→ **Exercise aim**: Write out only the opening lines of the entries, through the line with "Pita van Arkel verlaat Promedico image".

→ **Data provided**:

[Start of section]

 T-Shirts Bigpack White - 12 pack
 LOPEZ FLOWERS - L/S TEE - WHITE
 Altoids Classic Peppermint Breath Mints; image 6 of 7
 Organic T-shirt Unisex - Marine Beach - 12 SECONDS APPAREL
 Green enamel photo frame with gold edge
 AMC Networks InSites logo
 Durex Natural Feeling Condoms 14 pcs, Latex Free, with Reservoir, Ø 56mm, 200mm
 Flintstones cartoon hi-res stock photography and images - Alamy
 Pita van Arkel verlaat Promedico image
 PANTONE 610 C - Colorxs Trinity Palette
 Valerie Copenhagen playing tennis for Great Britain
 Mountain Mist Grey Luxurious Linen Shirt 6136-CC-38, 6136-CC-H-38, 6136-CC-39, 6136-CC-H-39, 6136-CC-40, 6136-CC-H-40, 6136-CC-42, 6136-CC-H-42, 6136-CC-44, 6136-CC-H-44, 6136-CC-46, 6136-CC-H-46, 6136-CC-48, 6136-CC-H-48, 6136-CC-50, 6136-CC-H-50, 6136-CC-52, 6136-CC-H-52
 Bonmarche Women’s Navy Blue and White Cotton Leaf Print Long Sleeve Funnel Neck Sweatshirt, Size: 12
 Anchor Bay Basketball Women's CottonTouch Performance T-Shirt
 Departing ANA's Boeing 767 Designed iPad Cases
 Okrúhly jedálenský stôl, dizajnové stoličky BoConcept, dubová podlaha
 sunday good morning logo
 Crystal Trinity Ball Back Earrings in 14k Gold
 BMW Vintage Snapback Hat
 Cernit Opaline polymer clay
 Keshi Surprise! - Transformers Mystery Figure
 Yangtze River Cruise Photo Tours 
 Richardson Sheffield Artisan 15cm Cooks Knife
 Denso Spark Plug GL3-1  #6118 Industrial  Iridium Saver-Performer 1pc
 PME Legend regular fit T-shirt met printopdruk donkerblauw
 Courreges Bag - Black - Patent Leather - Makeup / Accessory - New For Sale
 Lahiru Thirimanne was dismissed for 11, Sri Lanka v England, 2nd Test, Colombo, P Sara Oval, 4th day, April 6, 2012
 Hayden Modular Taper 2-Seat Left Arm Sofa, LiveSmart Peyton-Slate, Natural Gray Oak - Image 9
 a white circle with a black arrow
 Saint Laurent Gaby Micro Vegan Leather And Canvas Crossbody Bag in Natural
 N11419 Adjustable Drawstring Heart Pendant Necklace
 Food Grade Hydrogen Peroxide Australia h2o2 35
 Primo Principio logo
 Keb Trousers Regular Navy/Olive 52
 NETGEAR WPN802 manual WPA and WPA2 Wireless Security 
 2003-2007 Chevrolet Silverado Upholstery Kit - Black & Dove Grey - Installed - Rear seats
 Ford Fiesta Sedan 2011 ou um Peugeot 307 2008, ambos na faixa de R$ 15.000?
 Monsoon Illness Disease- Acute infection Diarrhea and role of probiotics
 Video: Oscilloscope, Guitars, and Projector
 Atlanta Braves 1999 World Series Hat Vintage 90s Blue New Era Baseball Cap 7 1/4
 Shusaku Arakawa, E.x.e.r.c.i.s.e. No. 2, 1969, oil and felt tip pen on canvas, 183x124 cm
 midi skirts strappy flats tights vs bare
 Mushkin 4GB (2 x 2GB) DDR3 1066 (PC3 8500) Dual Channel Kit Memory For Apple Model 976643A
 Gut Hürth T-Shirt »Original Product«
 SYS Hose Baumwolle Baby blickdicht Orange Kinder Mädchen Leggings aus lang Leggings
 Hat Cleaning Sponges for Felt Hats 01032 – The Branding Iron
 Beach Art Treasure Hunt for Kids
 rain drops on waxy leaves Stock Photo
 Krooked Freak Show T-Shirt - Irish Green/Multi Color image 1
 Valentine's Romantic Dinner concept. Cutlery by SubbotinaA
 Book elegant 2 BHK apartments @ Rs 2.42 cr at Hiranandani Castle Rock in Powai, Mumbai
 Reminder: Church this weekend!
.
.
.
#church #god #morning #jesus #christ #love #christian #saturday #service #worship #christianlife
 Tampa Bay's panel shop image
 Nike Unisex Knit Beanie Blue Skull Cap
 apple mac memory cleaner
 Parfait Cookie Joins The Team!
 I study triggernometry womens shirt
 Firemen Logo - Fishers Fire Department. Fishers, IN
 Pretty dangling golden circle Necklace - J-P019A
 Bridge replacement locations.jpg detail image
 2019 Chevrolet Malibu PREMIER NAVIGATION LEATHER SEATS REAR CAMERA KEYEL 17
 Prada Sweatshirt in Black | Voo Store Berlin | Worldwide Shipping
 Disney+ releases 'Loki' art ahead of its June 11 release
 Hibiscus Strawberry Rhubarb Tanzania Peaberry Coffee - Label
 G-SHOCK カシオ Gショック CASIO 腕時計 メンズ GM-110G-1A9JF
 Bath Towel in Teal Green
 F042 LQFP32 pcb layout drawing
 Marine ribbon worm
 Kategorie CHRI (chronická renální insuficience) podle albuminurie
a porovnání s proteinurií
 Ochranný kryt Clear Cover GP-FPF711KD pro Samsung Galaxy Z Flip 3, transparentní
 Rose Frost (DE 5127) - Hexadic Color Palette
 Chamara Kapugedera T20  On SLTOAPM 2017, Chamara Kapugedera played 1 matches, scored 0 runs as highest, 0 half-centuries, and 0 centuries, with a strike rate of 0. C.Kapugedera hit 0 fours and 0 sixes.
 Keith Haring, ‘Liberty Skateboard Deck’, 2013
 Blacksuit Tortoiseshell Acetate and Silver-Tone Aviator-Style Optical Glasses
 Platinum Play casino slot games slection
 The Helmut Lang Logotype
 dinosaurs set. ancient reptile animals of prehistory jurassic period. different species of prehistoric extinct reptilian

[End of section]

→ **Response for this exercise**:
 T-Shirts Bigpack White - 12 pack
 LOPEZ FLOWERS - L/S TEE - WHITE
 Altoids Classic Peppermint Breath Mints; image 6 of 7
 Organic T-shirt Unisex - Marine Beach - 12 SECONDS APPAREL
 Green enamel photo frame with gold edge
 AMC Networks InSites logo
 Durex Natural Feeling Condoms 14 pcs, Latex Free, with Reservoir, Ø 56mm, 200mm
 Flintstones cartoon hi-res stock photography and images - Alamy
 Pita van Arkel verlaat Promedico image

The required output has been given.